| Task objective |
Exact copy, no pictures: return only the lines below from the line with "울라 존슨 시미 티어드" up to and including the line with "Туфлі з численними".
Data provided Start Marker
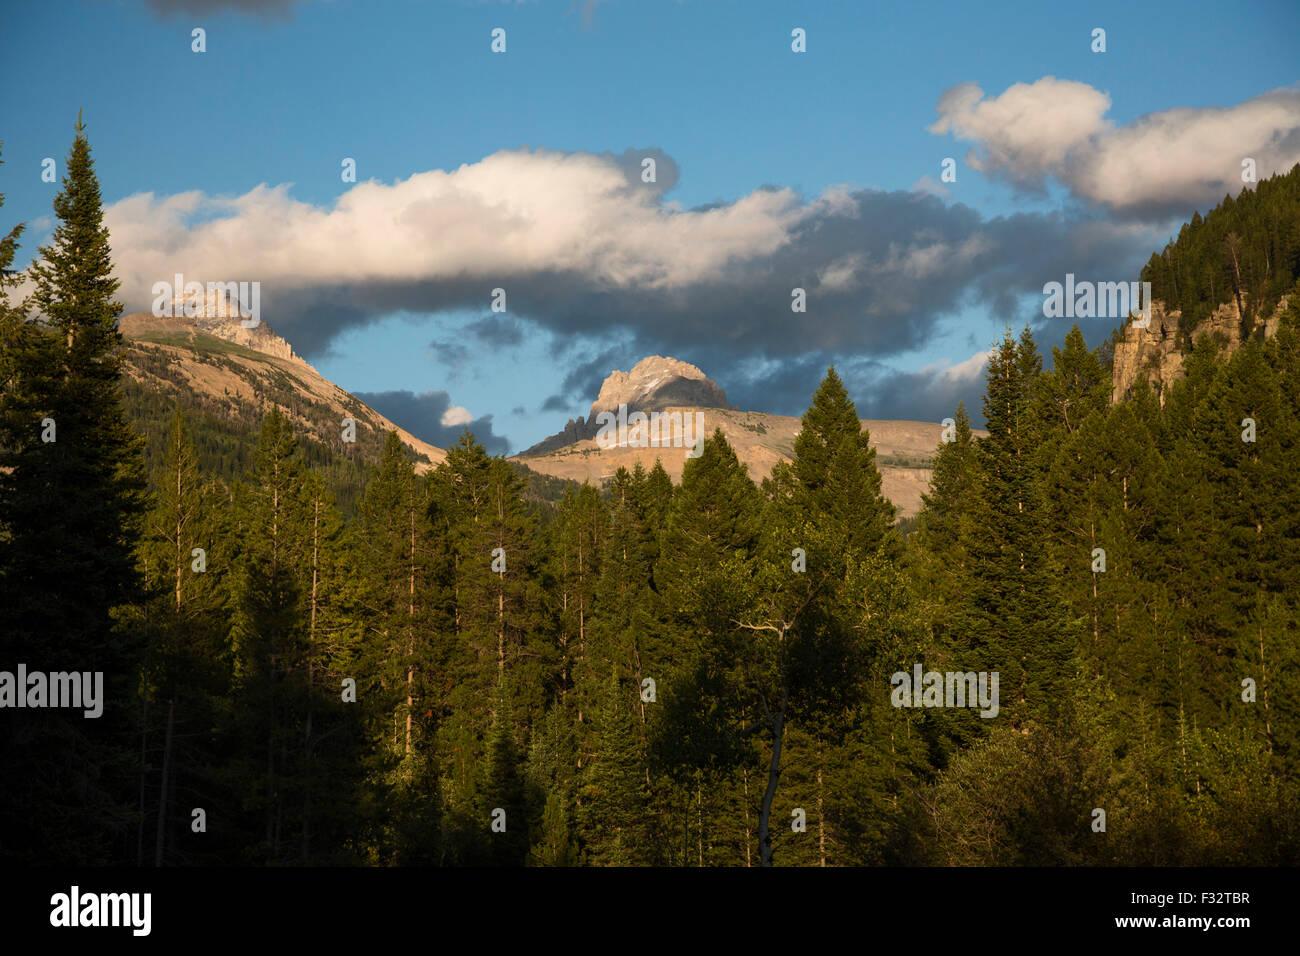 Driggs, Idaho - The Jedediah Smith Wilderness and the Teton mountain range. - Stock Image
Data provided End Marker
Data provided Start Marker
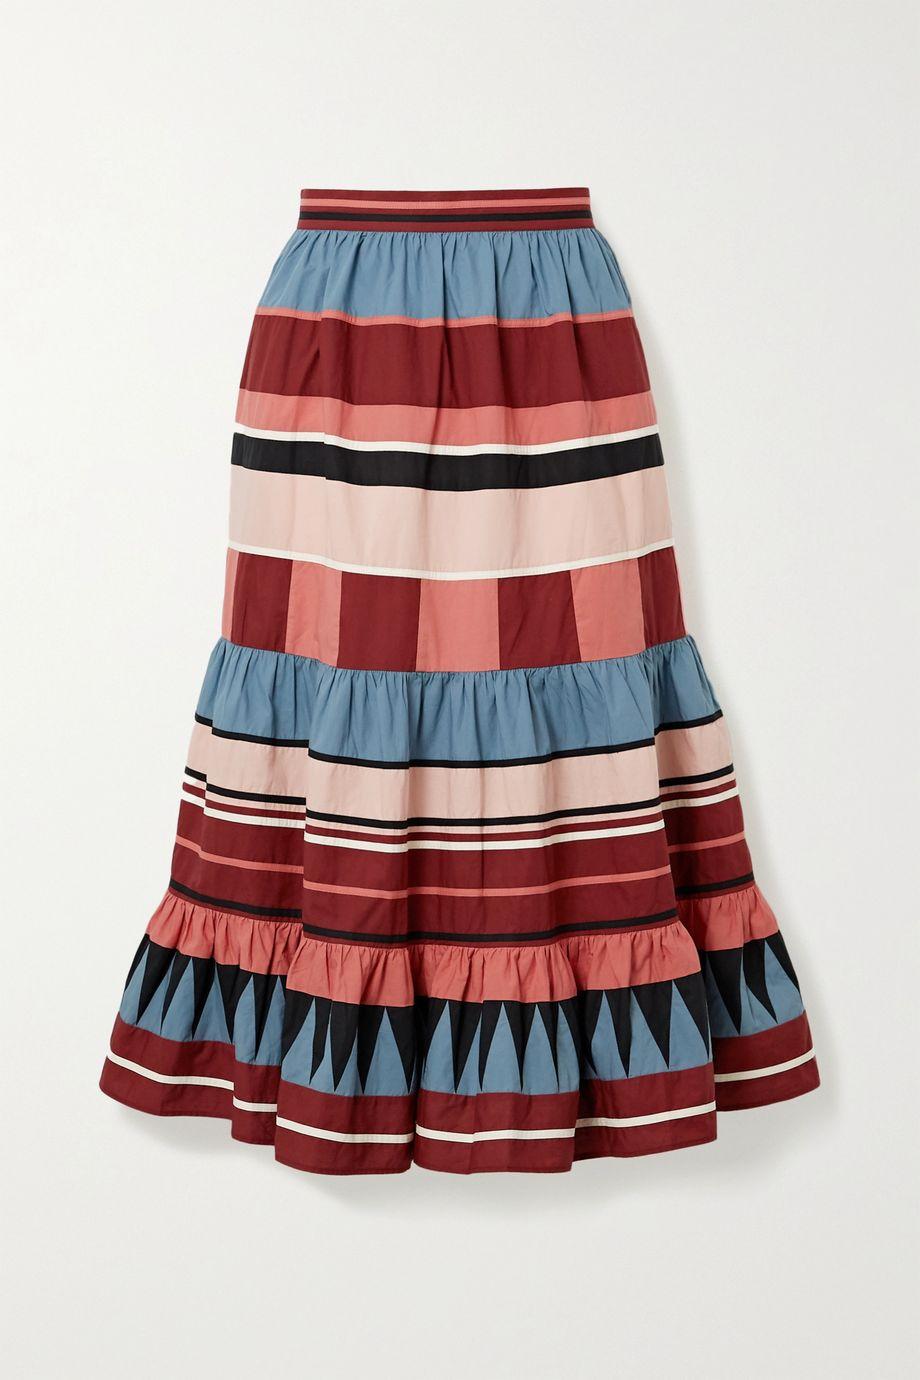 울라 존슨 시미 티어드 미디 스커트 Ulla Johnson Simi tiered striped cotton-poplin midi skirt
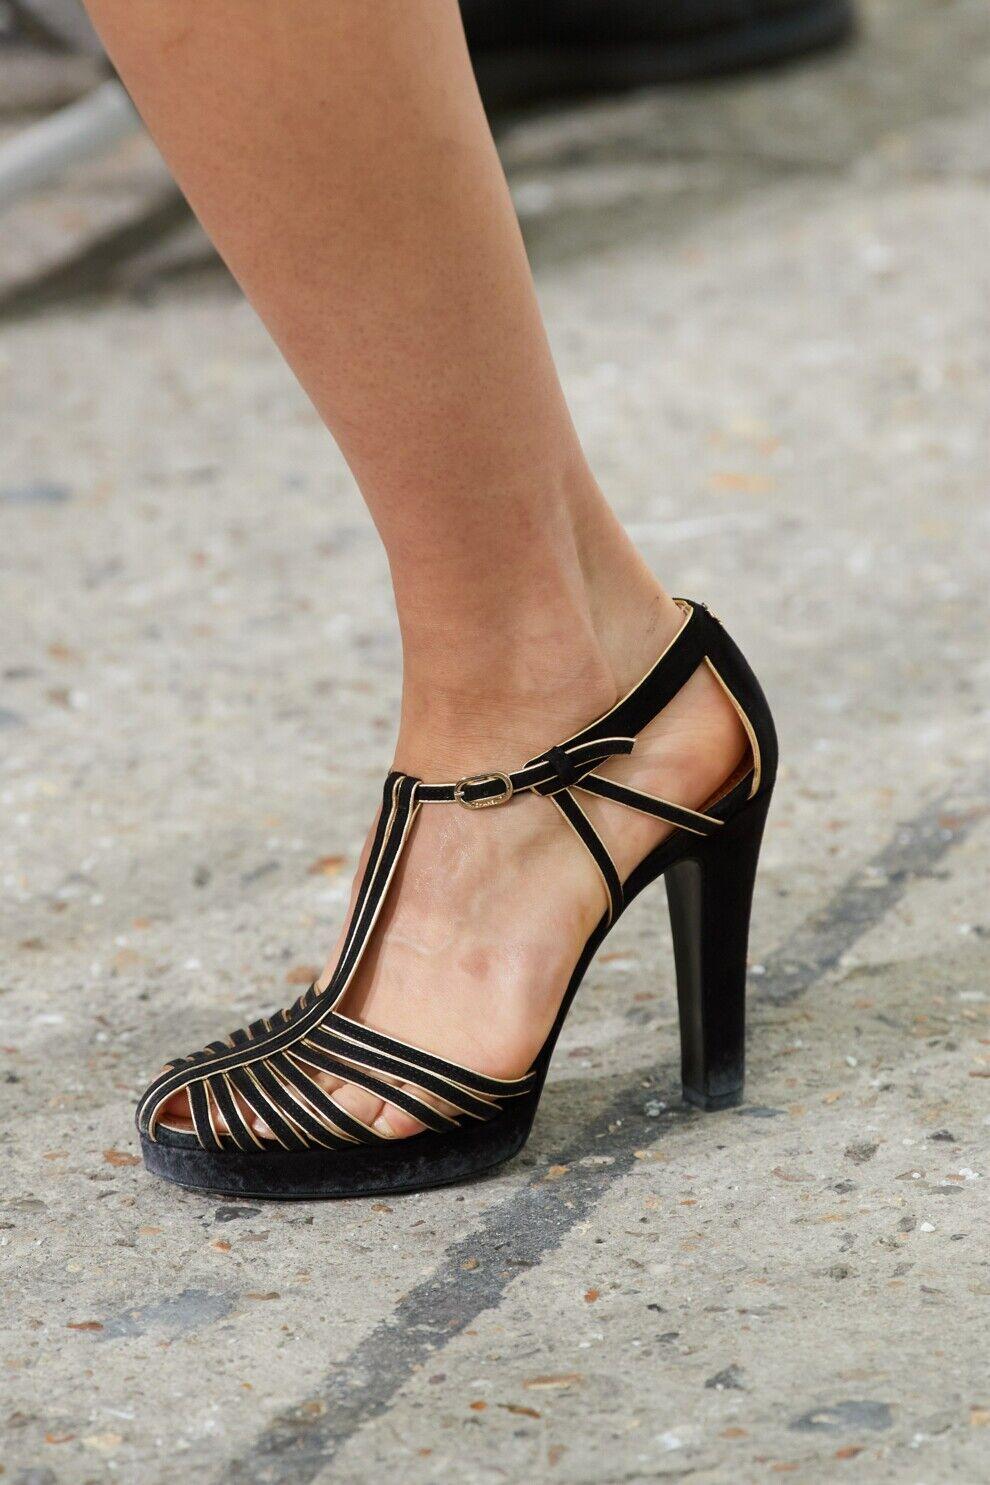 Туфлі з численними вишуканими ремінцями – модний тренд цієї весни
Data provided End Marker
| Exercise output |
 울라 존슨 시미 티어드 미디 스커트 Ulla Johnson Simi tiered striped cotton-poplin midi skirt
 Туфлі з численними вишуканими ремінцями – модний тренд цієї весни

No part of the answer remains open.